# Add "Stinger Transition Clip Duration"



## DrKonflict (Jun 16, 2019)

Not sure why this is not yet included in v23, but it would be a nice addition. The "Transition point" option
doesn't seem to be doing anything to my stingers and does not work like a duration feature. I hope you
guys can add this soon.

Thanks in advance!


----------



## dodgepong (Jun 16, 2019)

The transition point is the moment in milliseconds during the stinger where the transition itself should fire. Typically this is the time in the clip where the whole screen is covered by the stinger so that the transition can happen underneath seamlessly.


----------



## DrKonflict (Jun 16, 2019)

dodgepong said:


> The transition point is the moment in milliseconds during the stinger where the transition itself should fire. Typically this is the time in the clip where the whole screen is covered by the stinger so that the transition can happen underneath seamlessly.



Yes, I know this. It still needs a "Stinger duration" option imo though. The current option is 
a bit annoying and confusing to work with.


----------



## dodgepong (Jun 17, 2019)

What actual problem are you experiencing? I'm not sure I understand what help a stinger duration would offer, since OBS already knows how long the stinger is due to the length of the video.


----------



## DrKonflict (Jun 18, 2019)

dodgepong said:


> What actual problem are you experiencing? I'm not sure I understand what help a stinger duration would offer, since OBS already knows how long the stinger is due to the length of the video.



I currently have a nice pack with stinger transitions that range from 3 to 5 seconds which is too long for my taste.
I want the transitions to be around 1 to 2 second so, I set the stinger transition point (in milliseconds) to 1000, or
2000 milliseconds. This should mean it starts the stinger about half way, right? This does not seem to do anything
at this point. This is why imo a stinger clip duration option would make sense as well imo.


----------



## dodgepong (Jun 19, 2019)

No, that's not what it means at all. The transition point doesn't define the length of the transition. It defines when, during the playback of the singer video, the scene cut happens. The idea of a stinger is that it plays a media file, and at some point during the media file playback the media file takes up the full screen, which is where the scenes can be switched seamlessly. The transition point is the point in that stinger video where the switch is supposed to take place.

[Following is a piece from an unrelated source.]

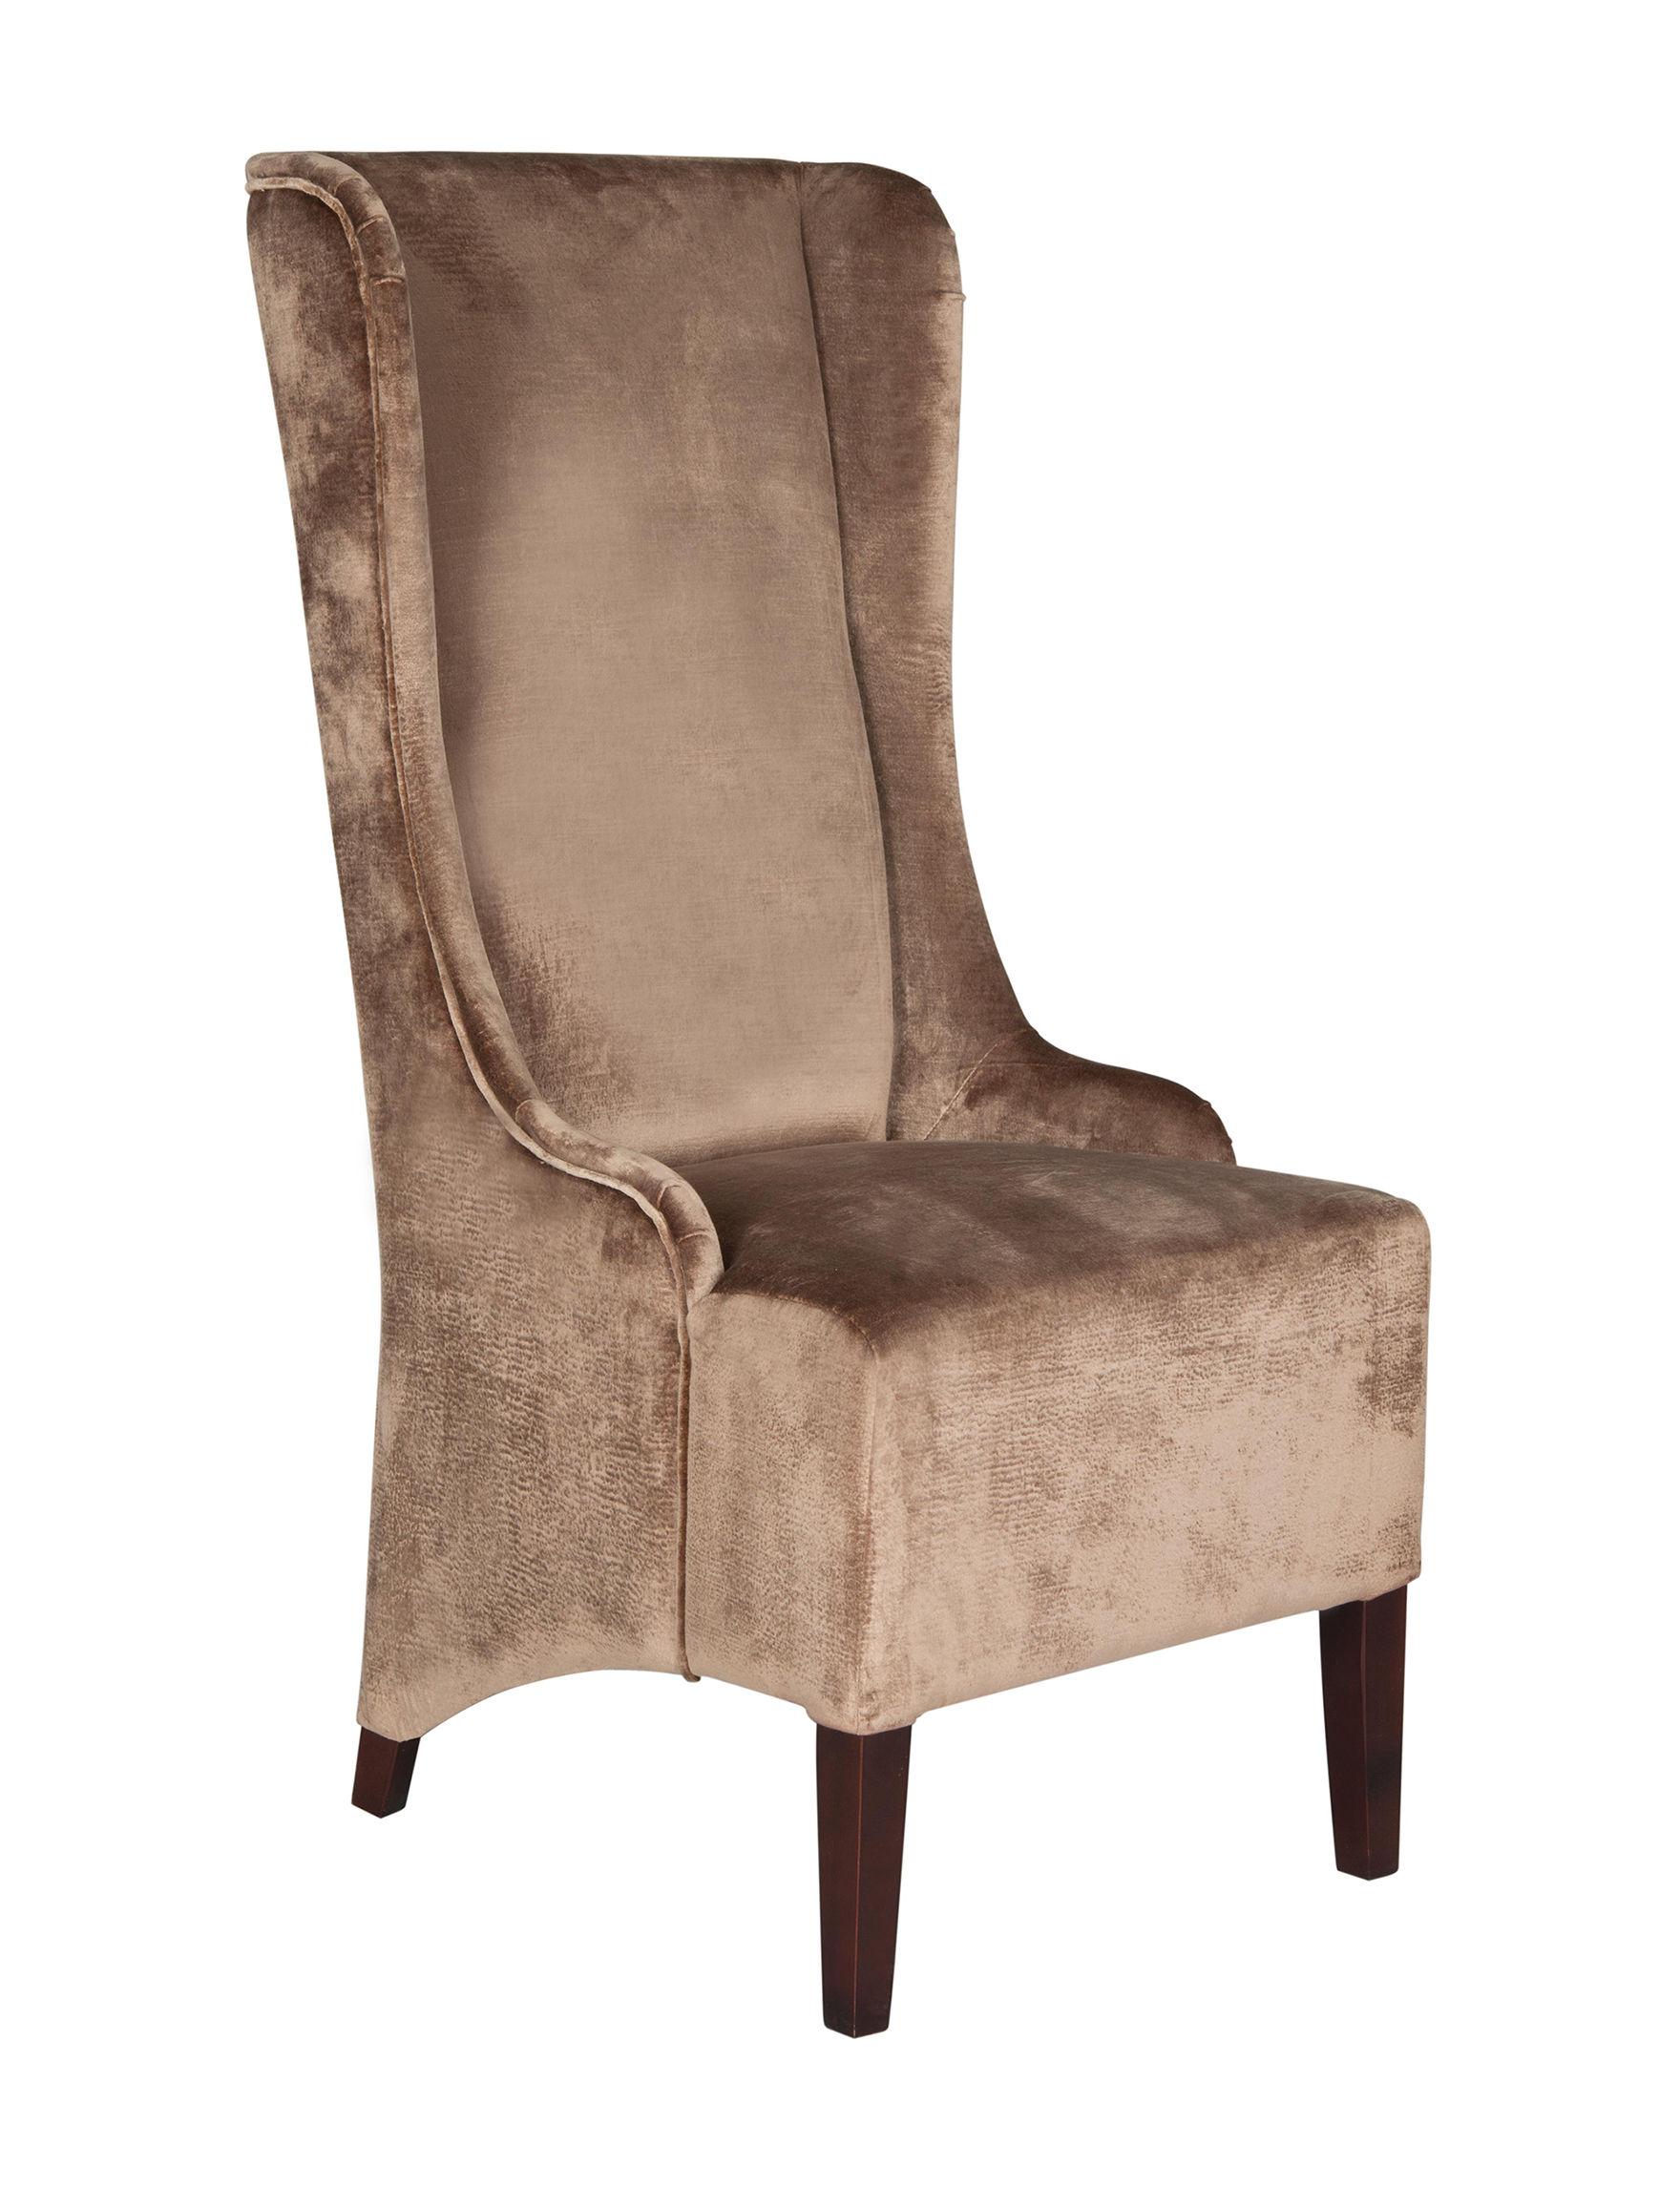 Safavieh Bark Brown/Black Dining Chairs Kitchen & Dining Furniture
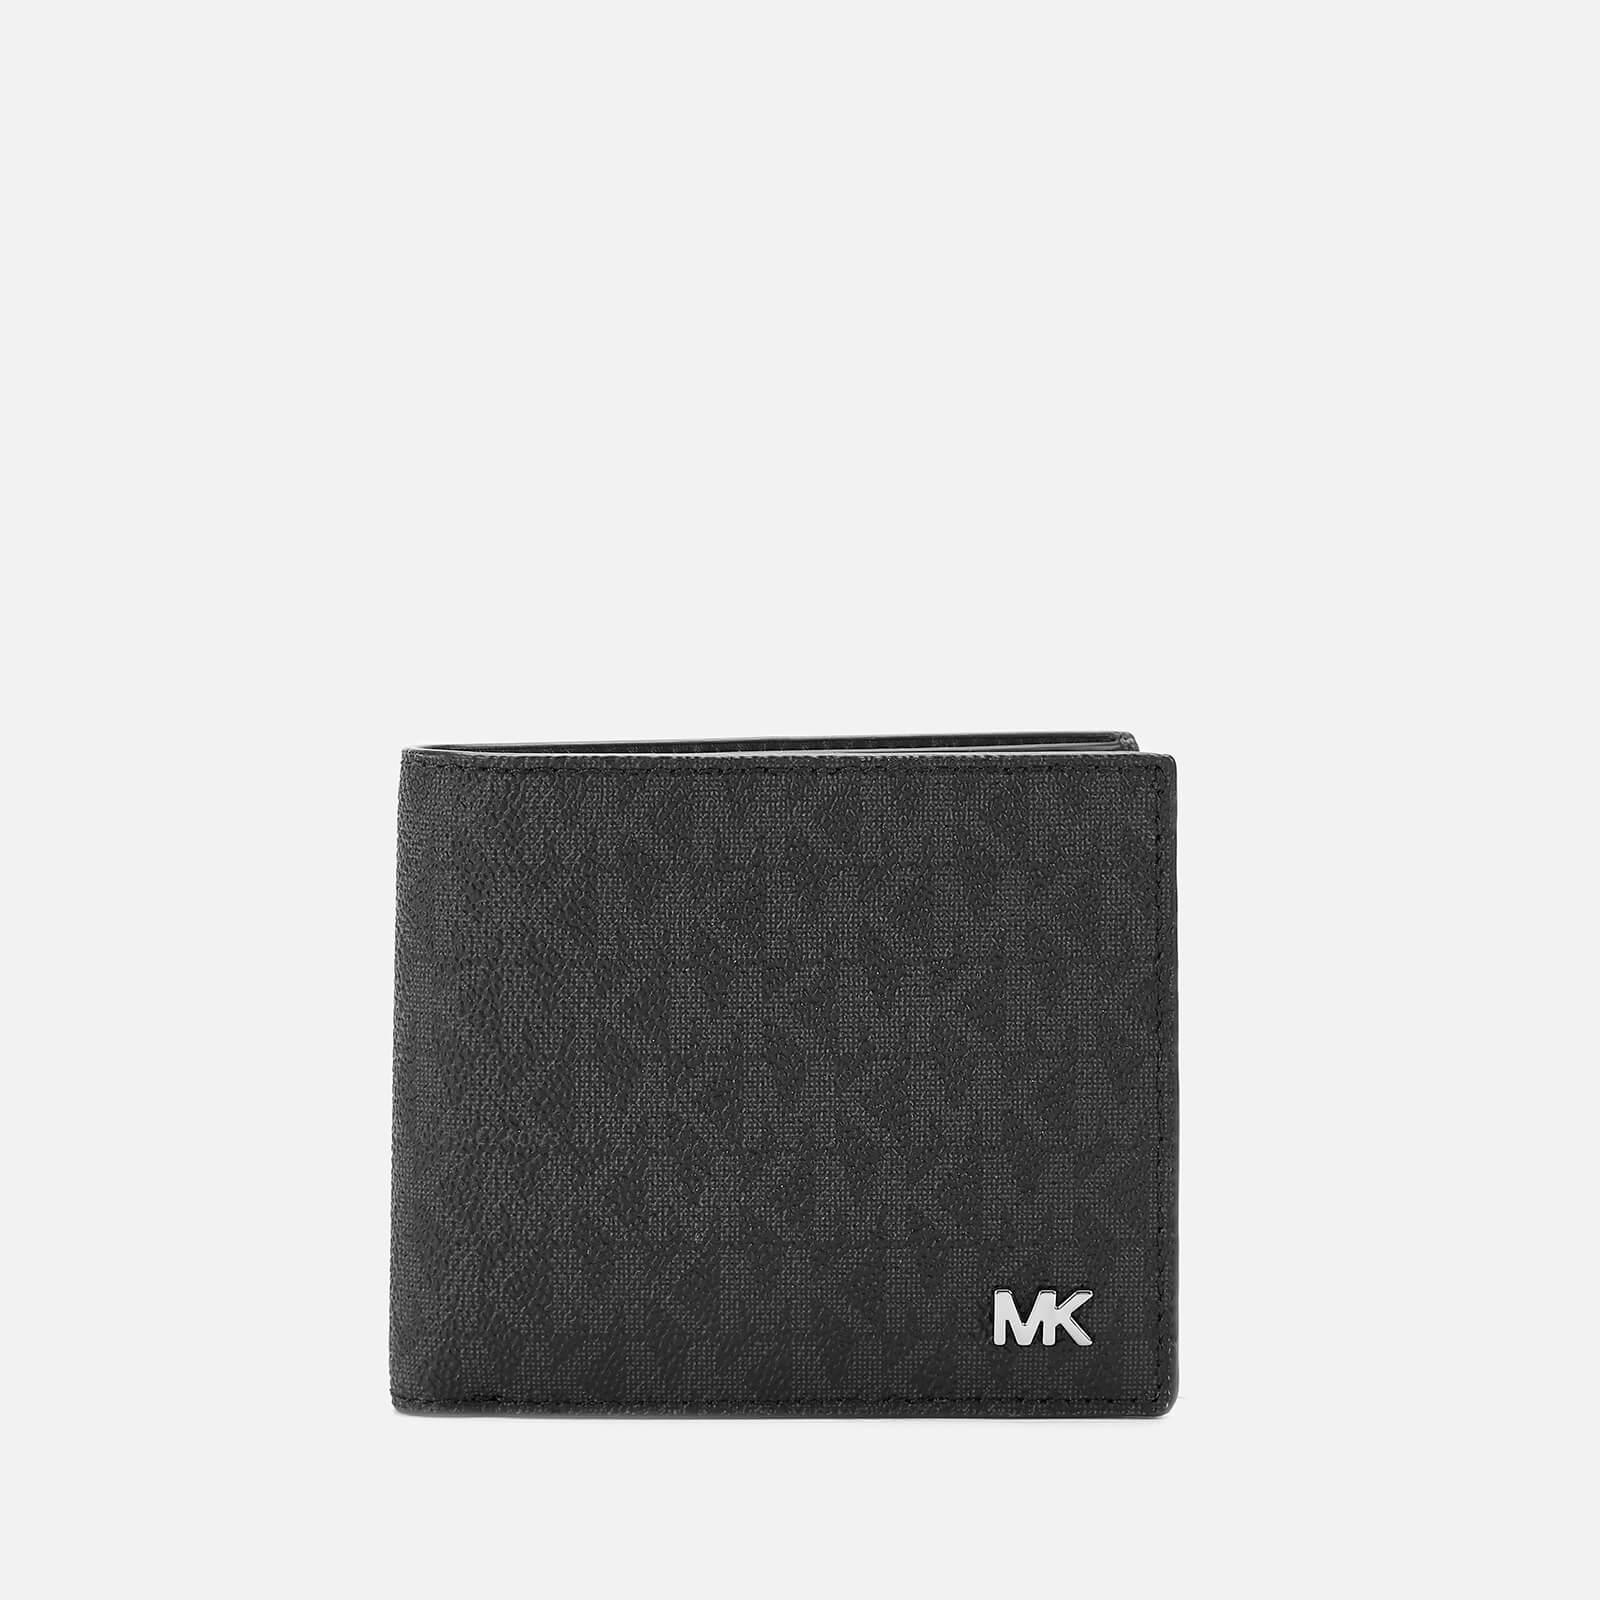 1c9df495e21d Michael Kors Men s Jet Set Billfold Wallet - Black Mens Accessories ...

If the stingers are too long, you'll have to open them in a video editor and trim them down, then re-export them with a codec that supports alpha transparency.


----------



## betawarz (Mar 26, 2020)

@dodgepong sorry for reviving an old post, but your previous message gets right to my question - does the duration setting do anything when using a stringer transition? It doesn't seem to have any affect on the transition itself.


----------



## Bril (Mar 28, 2021)

dodgepong said:


> What actual problem are you experiencing? I'm not sure I understand what help a stinger duration would offer, since OBS already knows how long the stinger is due to the length of the video.




OBS already knows how long the stinger should be? Mmmmm! if that's the case I really need help! My 4sec transition gets cut off half way and I have a few transitions I cant use because of this and its super annoying. Its like it has a 2sec max length allowance or something?


----------